-- The task --
Apart from the images, repeat the data below exactly as written.

-- Material provided --
*-*-*
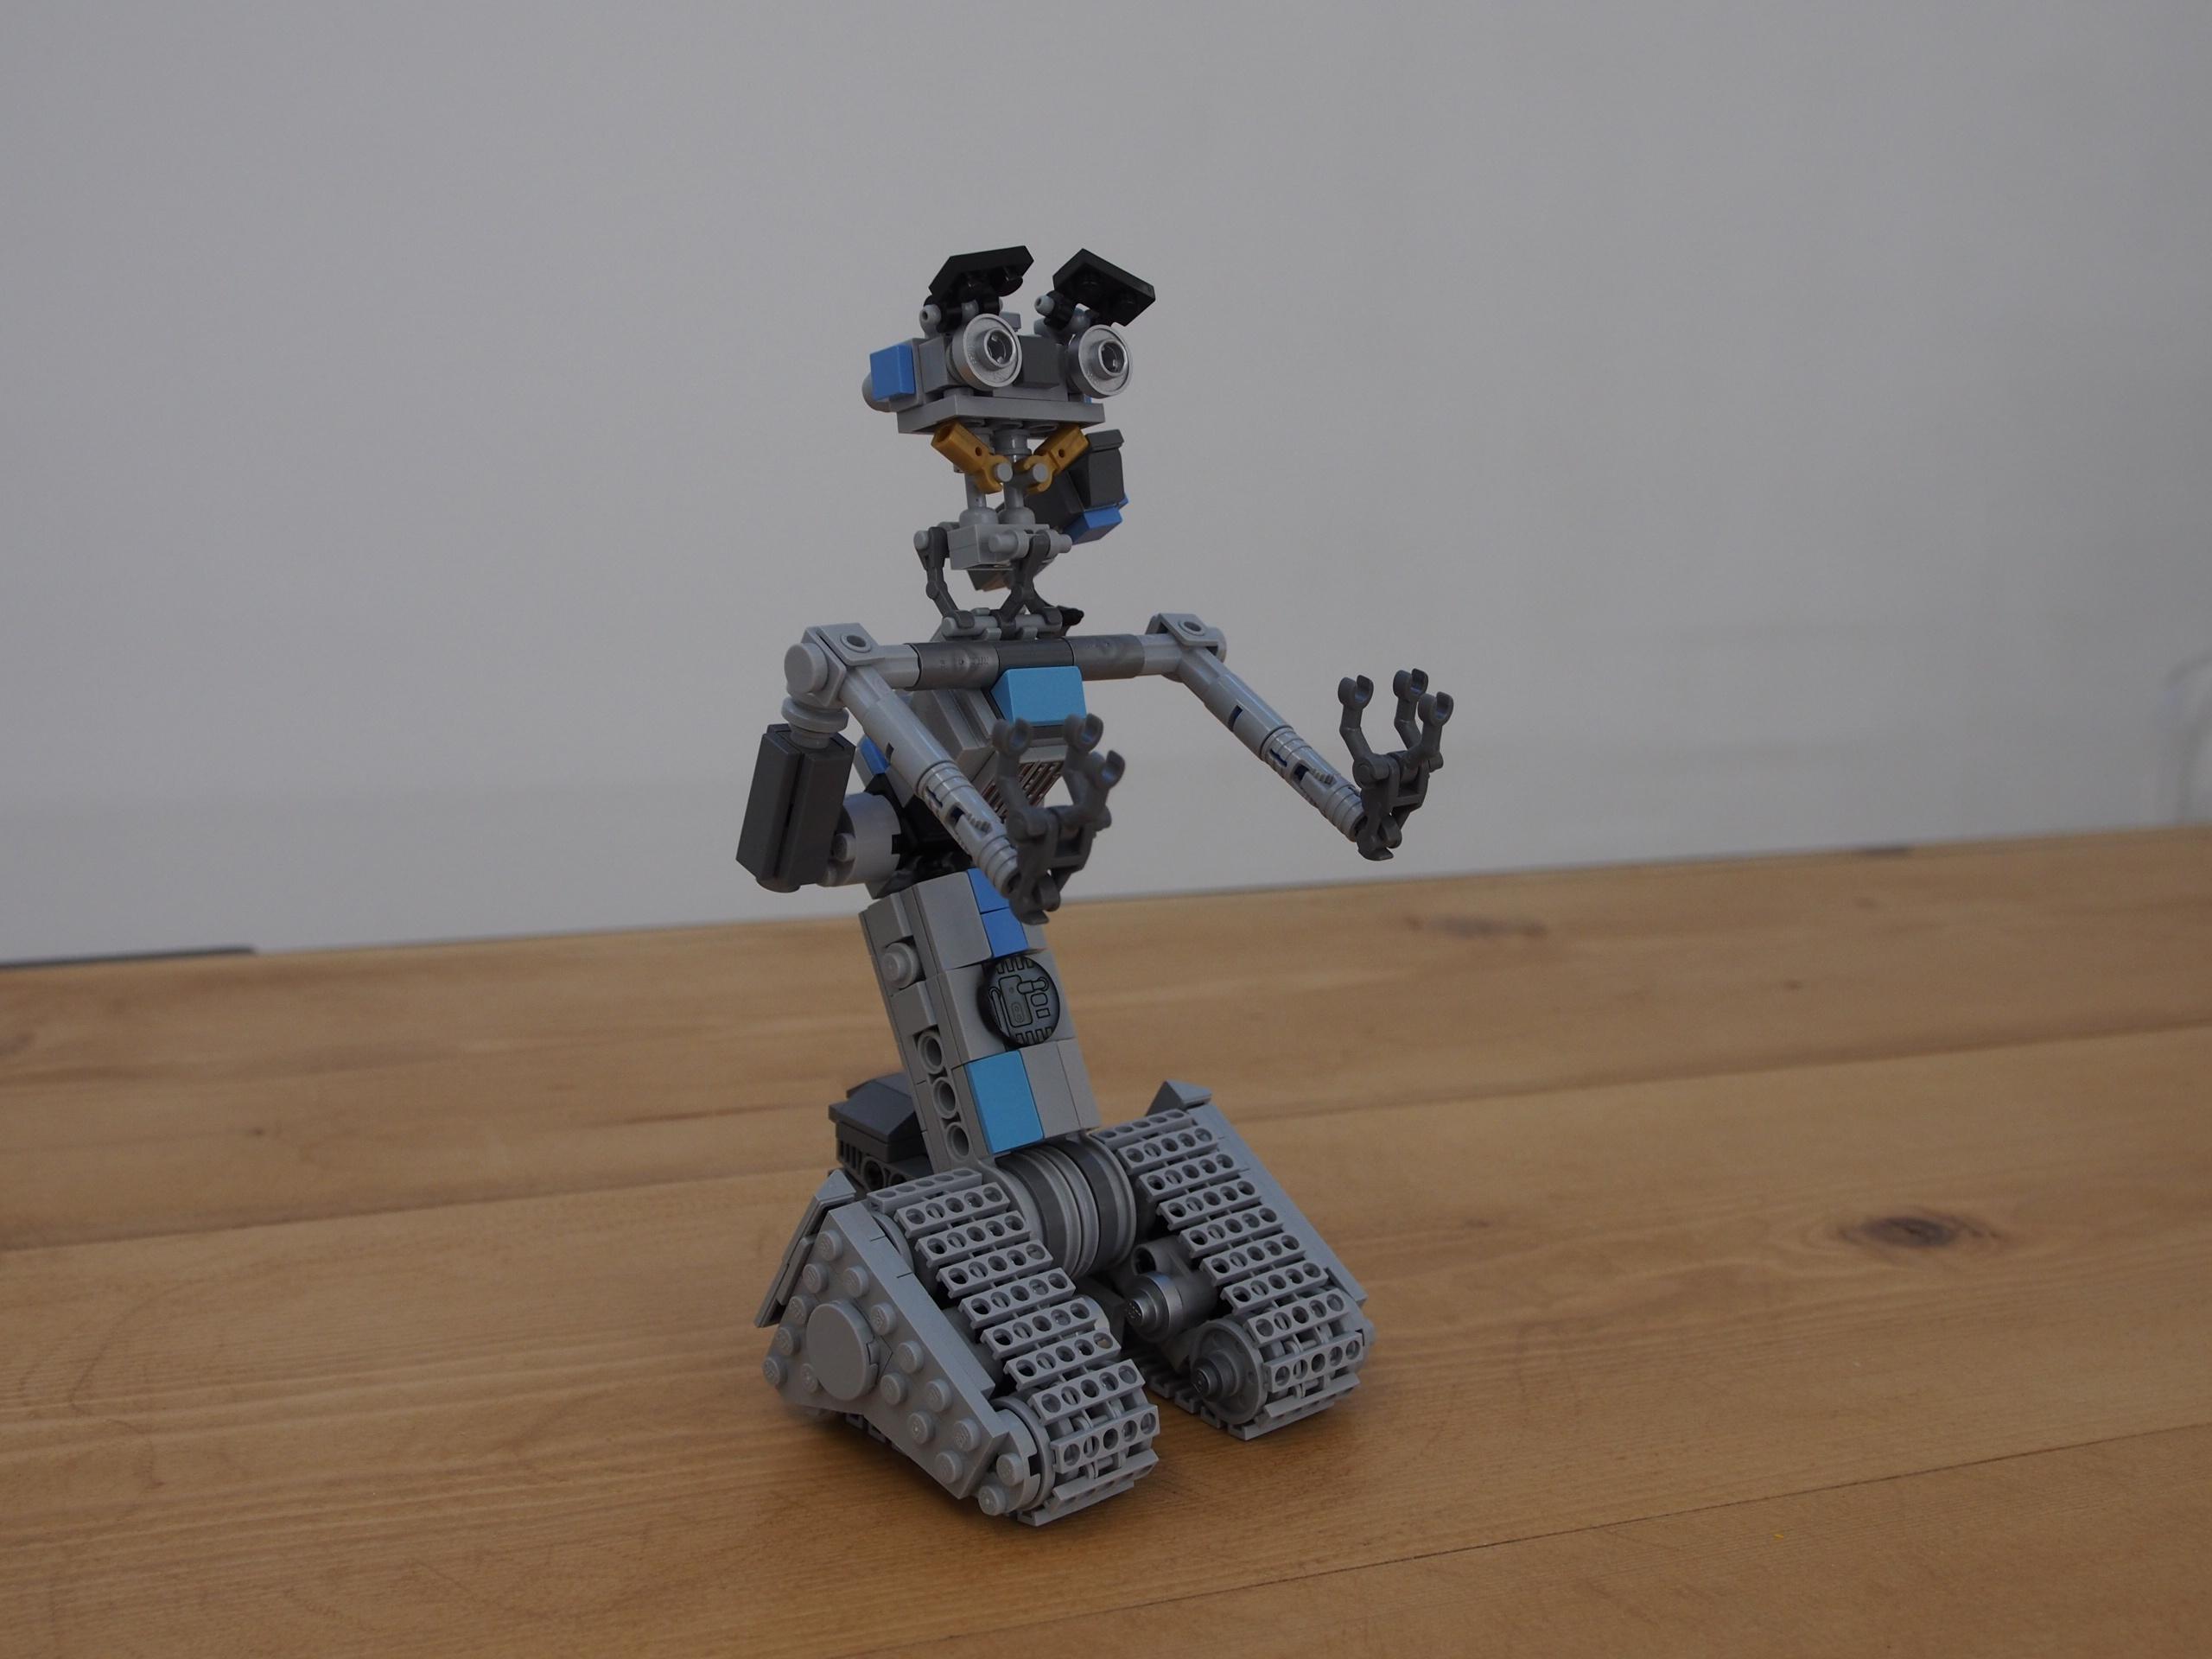 LEGO Johnny 5 Short Circuit Time Lapse
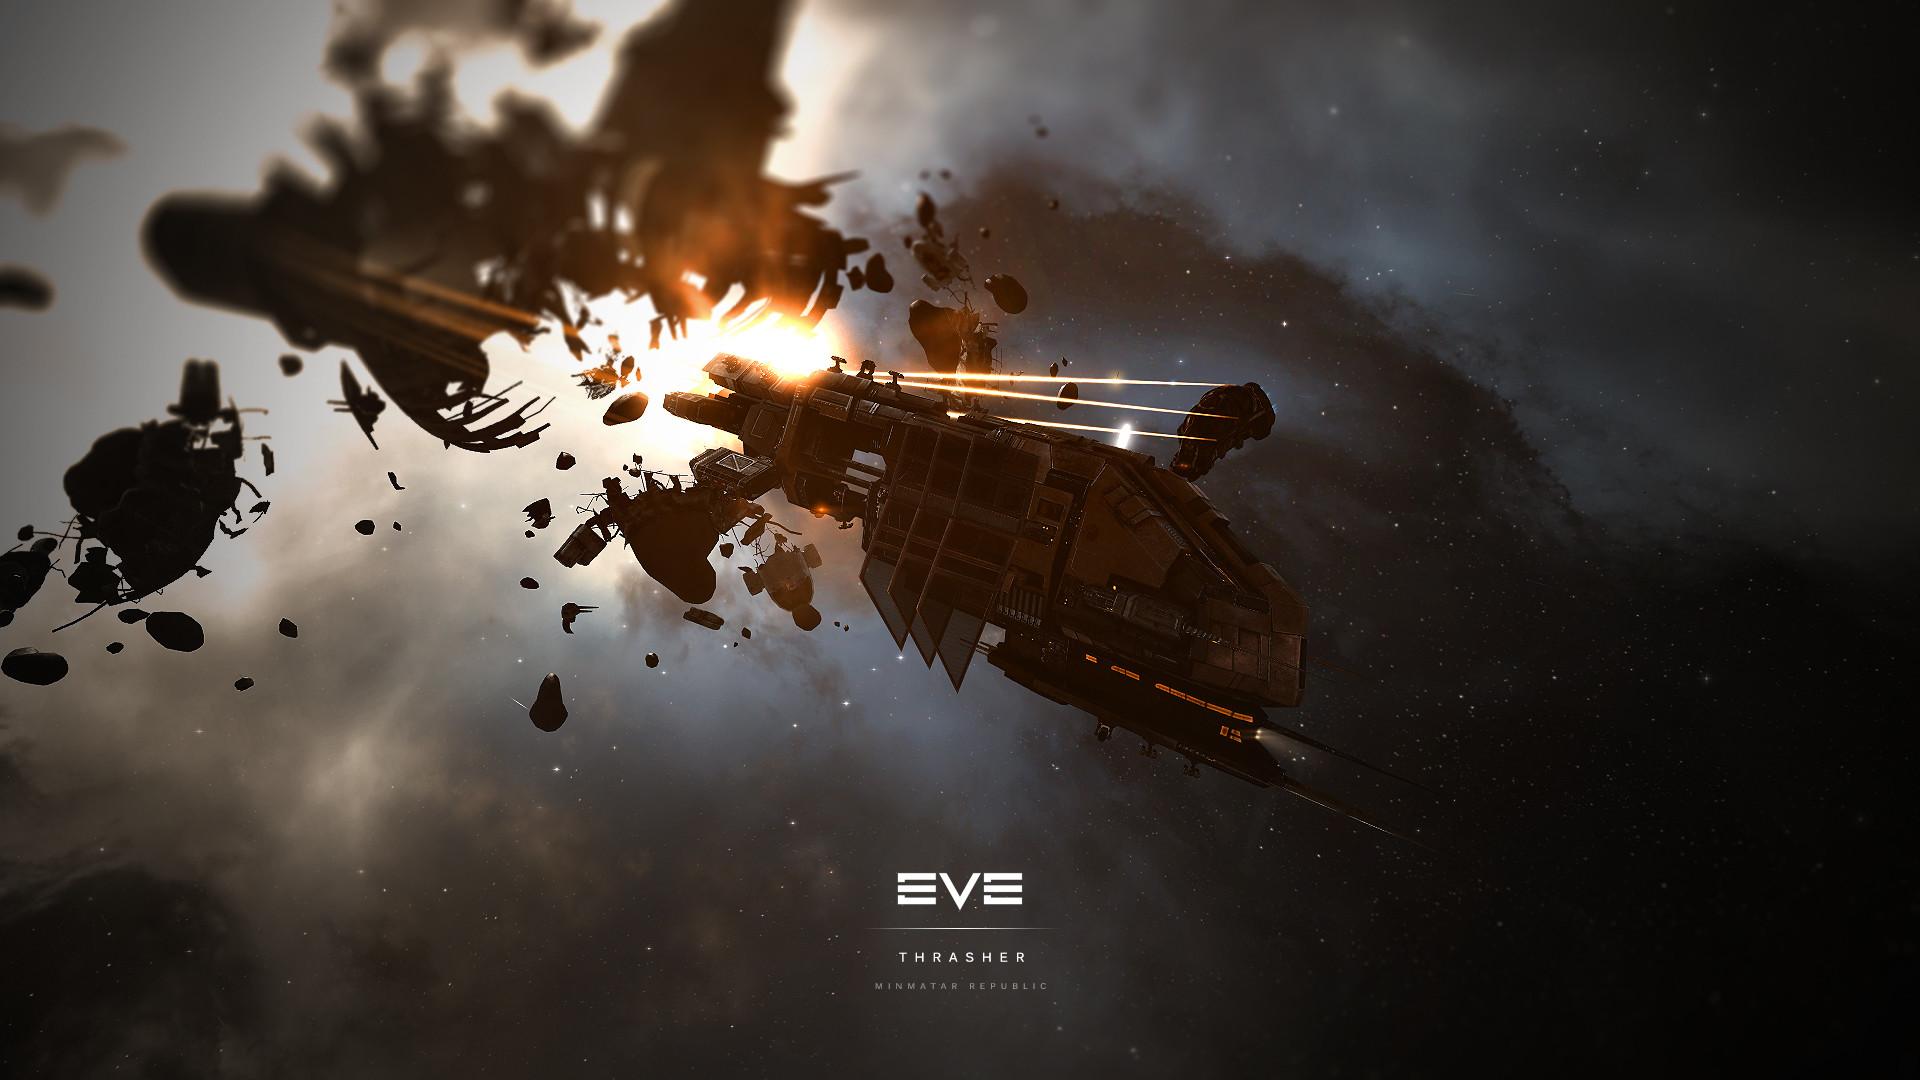 … EVE Online – Minmatar Republic Thrasher Wallpaper by MVestala
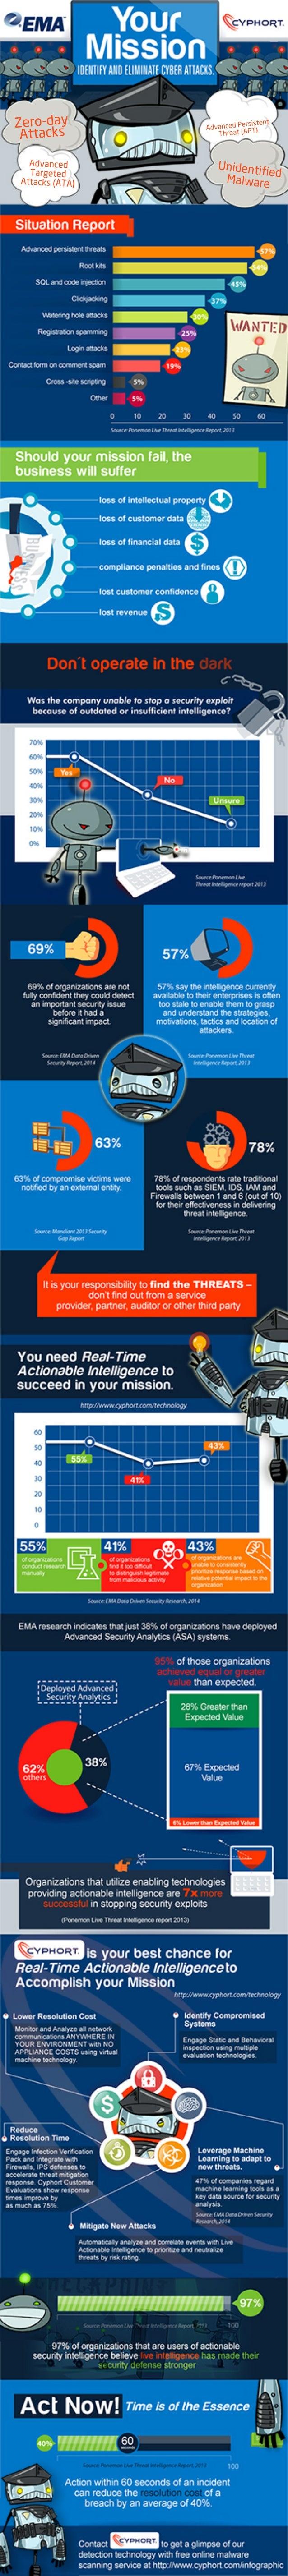 Zero-day Attacks Advanced Targeted Attacks(ATA) AdvancedPersistent Threat(APT) Unidentified Malware
*-*-*
-- Task response --
 LEGO Johnny 5 Short Circuit Time Lapse
 … EVE Online – Minmatar Republic Thrasher Wallpaper by MVestala
 Zero-day Attacks Advanced Targeted Attacks(ATA) AdvancedPersistent Threat(APT) Unidentified Malware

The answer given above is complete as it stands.